Над головой раздался протяжный окрик девушки – наша юная фея-хранительница предупреждала Макбрай-та, что рукав изгибается и пора менять траекторию подъема. Я продолжал движение, вслушиваясь в едва заметное эхо, рожденное колебанием вуали, и в их голоса; они переговаривались несколько минут, выбирая ориентиры на новой линии восхождения. Она должна была привести нас к распадку между двумя утесами, там рукав кончался, вливаясь в настолько обширный бассейн, что его границы не поддавались определению. Затем я посмотрел под ноги, на ад-Дагаба, почти догнавшего меня, и на секунду замер в изумлении: гигант-суданец, весивший не меньше центнера, лез вверх, подтягиваясь на руках! С тяжелым сорокакилограммовым рюкзаком! Справедливости ради замечу, что я и сам способен на такие подвиги, если использовать энергетический резерв – но где и как его восполнишь? С помощью пищи и отдыха – слишком долго, а деревья здесь не росли, да и вряд ли Сиад умел брать от них энергию… По идее, после подъема ему полагалось лежать пластом, и я решил проверить его пульс, а заодно – и самочувствие двух остальных моих партнеров. На всякий случай, чтобы не вызвать подозрений…

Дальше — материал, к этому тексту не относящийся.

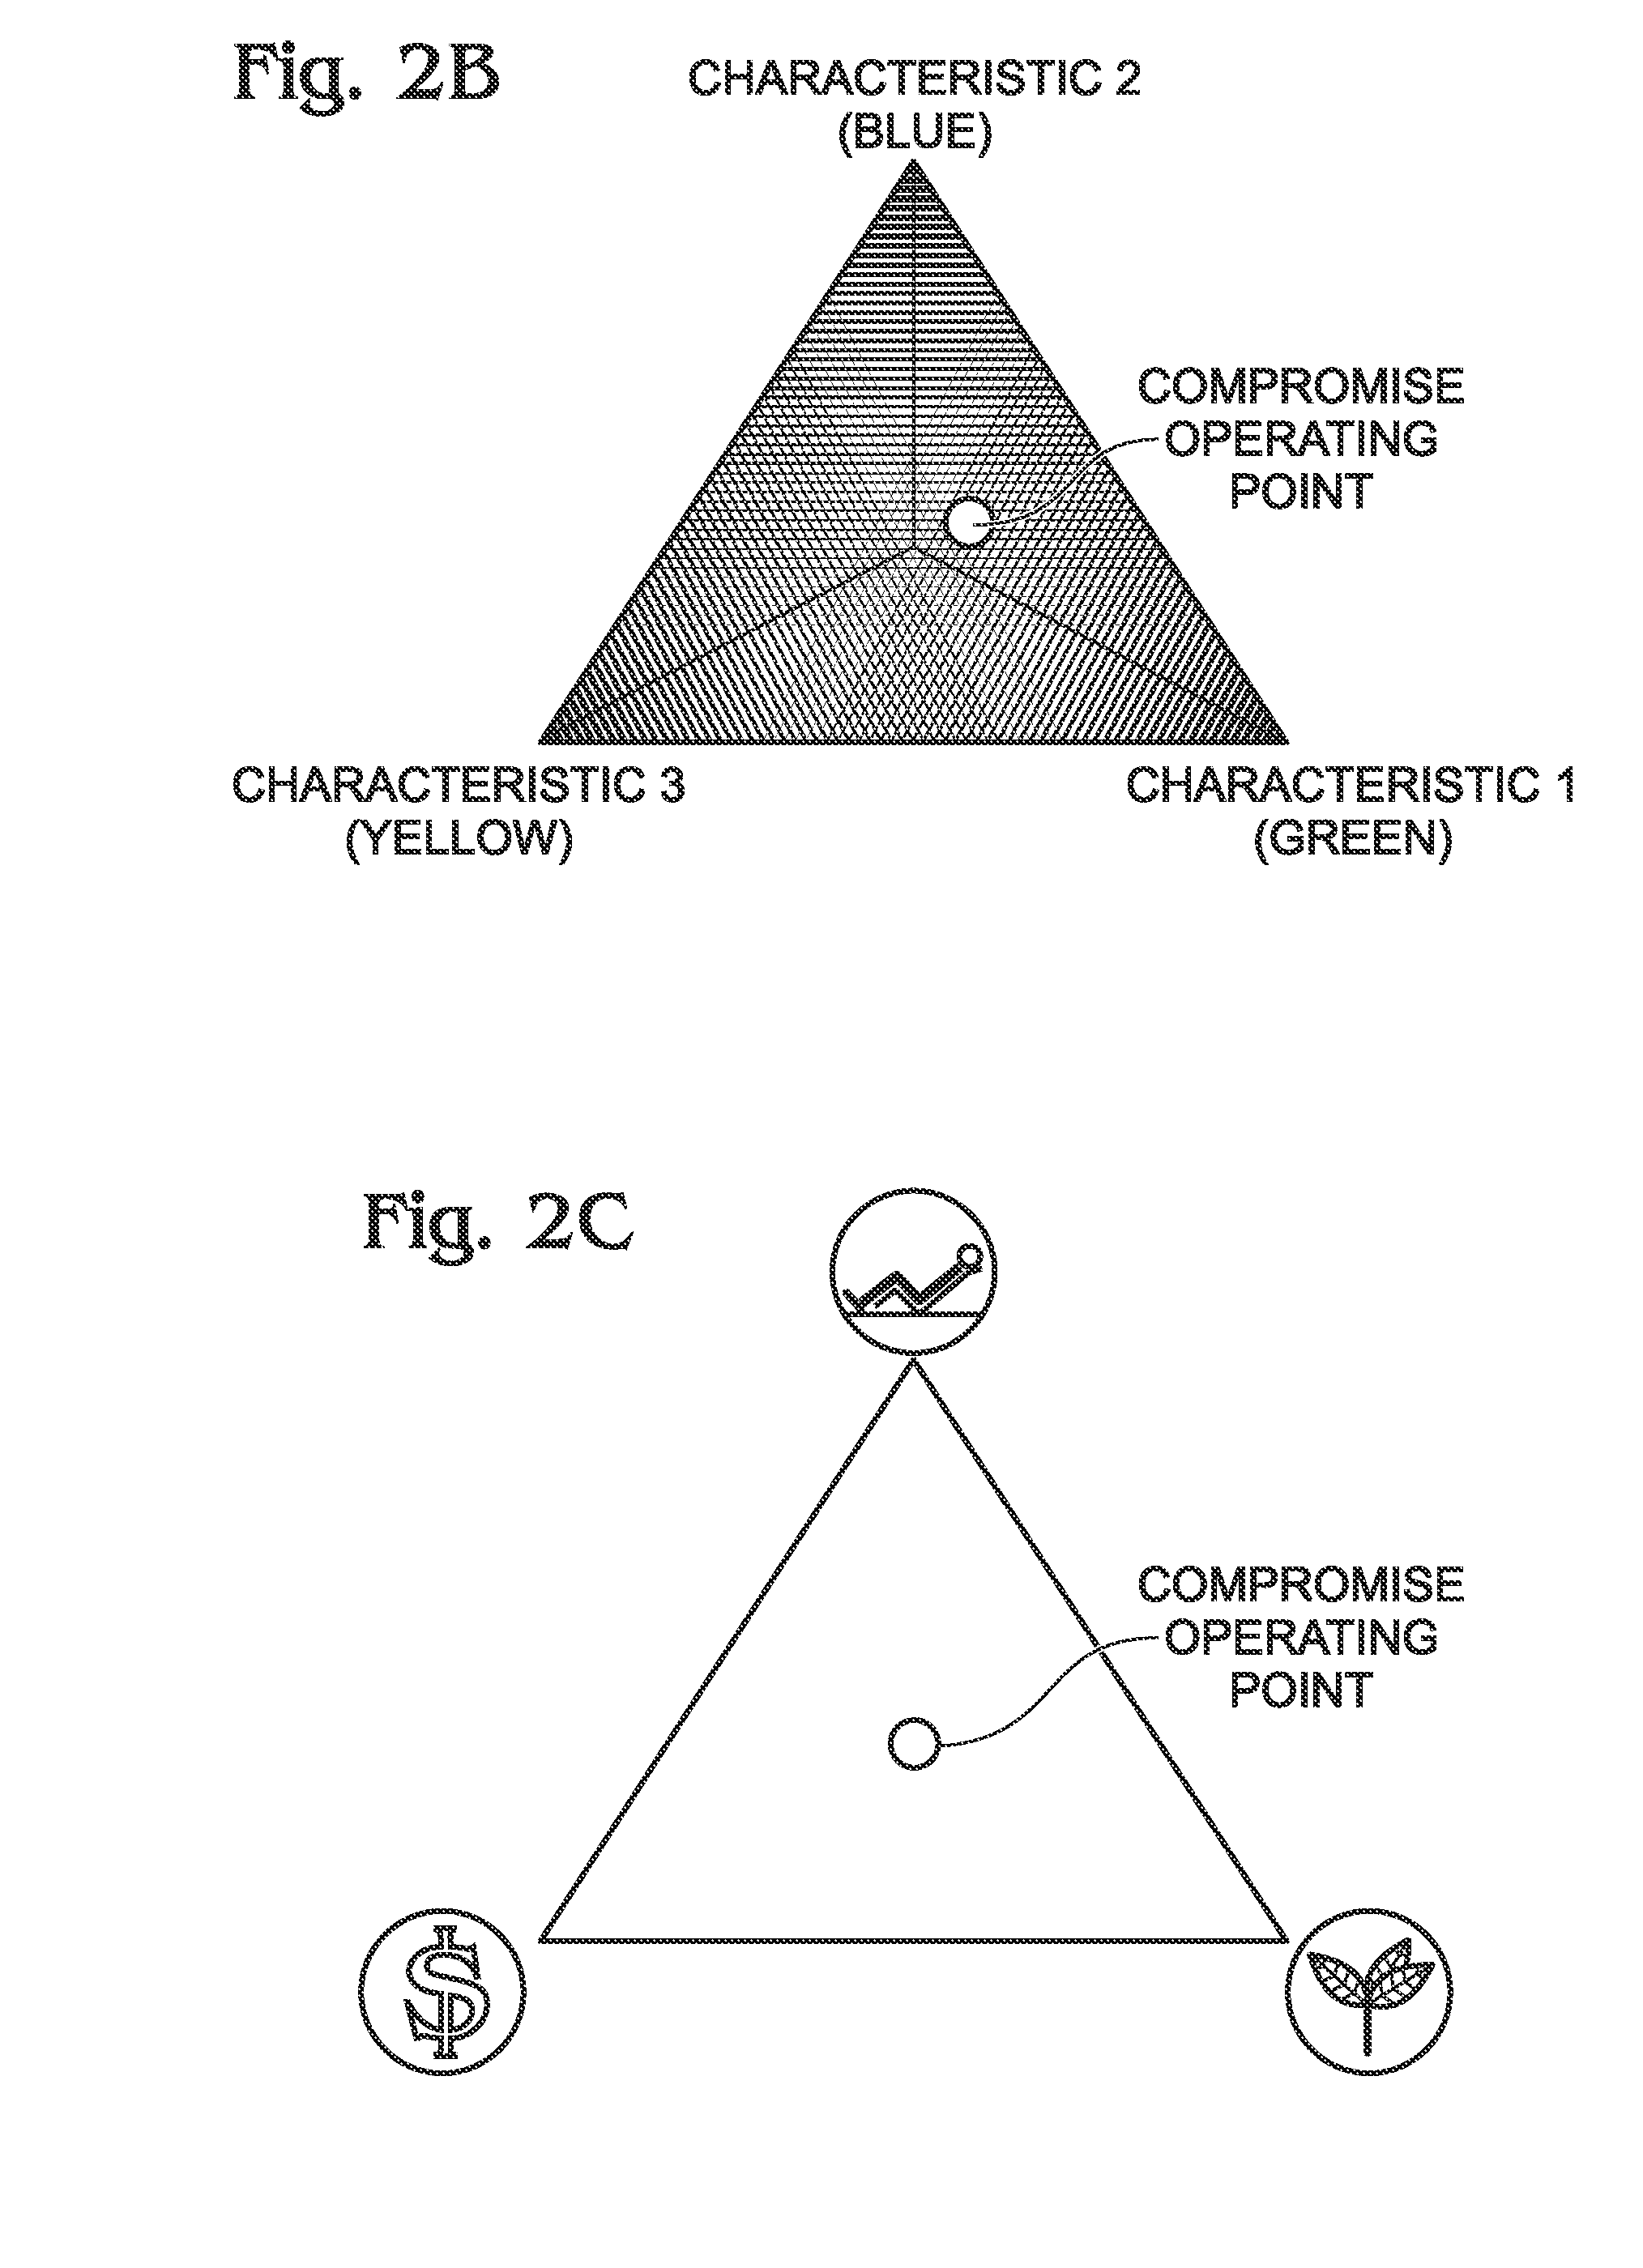 System and method for the multi-dimensional representation of energy control

Мы миновали изгиб рукава – сначала Фэй с Макбрай-том, затем я и Сиад. Все шло без каких-либо странностей, если не считать манеру восхождения суданца, но с этим я разберусь потом. Попозже… Мы поднялись уже на триста метров, и, поглядев через плечо, я обозрел лежавшую на северо-востоке равнину, серую и бесплодную, как залитый бетоном космодром. Восстановив в памяти карту, я убедился, что нахожусь в весьма примечательной точке: здесь, следуя изгибу Вахханского хребта, земли Афганистана и Пакистана тянулись узкими языками на восток, встречаясь с таким же языком со стороны Китая. Этот коридор отделял Памир от Индии, и здесь, на пятачке в семьдесят километров, встречались границы пяти держав – правда, одной из них на карте уже не было. Да и другие потерпели изрядный ущерб…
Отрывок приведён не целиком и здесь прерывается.